In his veto message, President Bush reiterated his opposition to "abortion on demand," adding, "As a nation, we must protect the unborn."

But the president indicated in his veto message that he had no objection to the primary purpose of the bill, which is to provide the city with federal money during the coming fiscal year. Among other things, the legislation would provide the city with a record federal payment of $630.5 million.

The federal payment -- money the federal government provides the city annually to compensate it for the demands of hosting the nation's capital -- has stood at $430.5 million for several years, although Congress earlier this year approved an emergency appropriation of $100 million for the city.

Though President Bush vetoed the appropriations bill, he signed into law legislation that clears the way for the district to go to market with a $332 million bond isued designed to eliminate the city's accumulated deficit. The city plans to sell the 12-year, general obligation bonds in a competitive offering in mid-September.

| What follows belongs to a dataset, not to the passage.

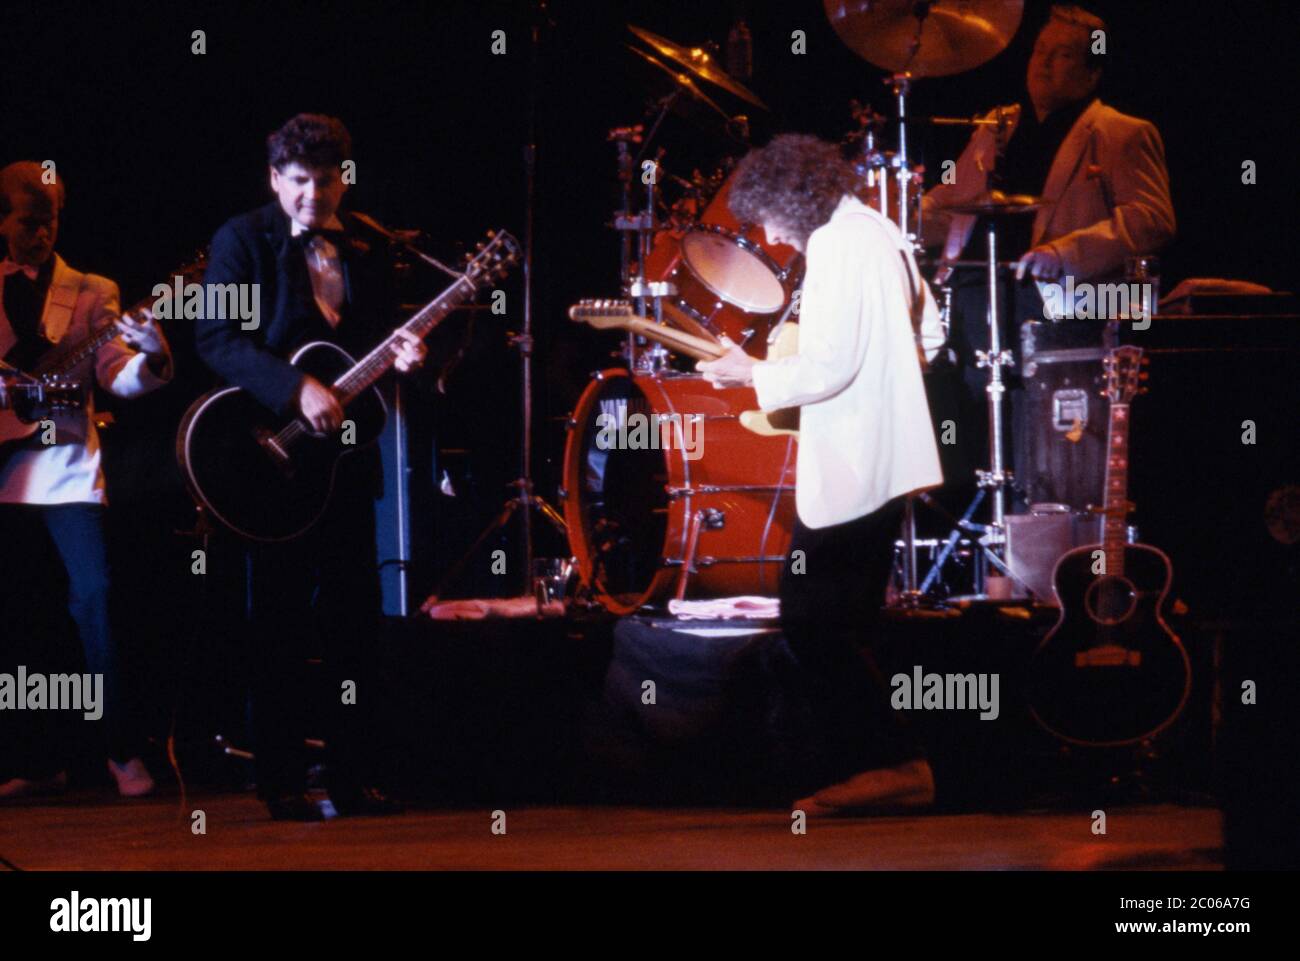 The Everly Brothers in concert at the Hammersmith Odeon in London, UK, on 14th November 1984. Stock Photo

He also signed legislation that will allow Mayor Sharon Pratt Dixon to lay off about 2,000 city workers and to gain greater control over the budgets of independent agencies. Mayor Dixon has said that, once implemented, the measures will help city officials gain greater control over the district's finances and position the city for a possible bond rating upgrade.

But the city still faces formidable problems, including a massive unfunded pension liability.

The district's bonds currently are rated Baa by Moody's Investors Service and A-minus by Standard & Poor's Corp.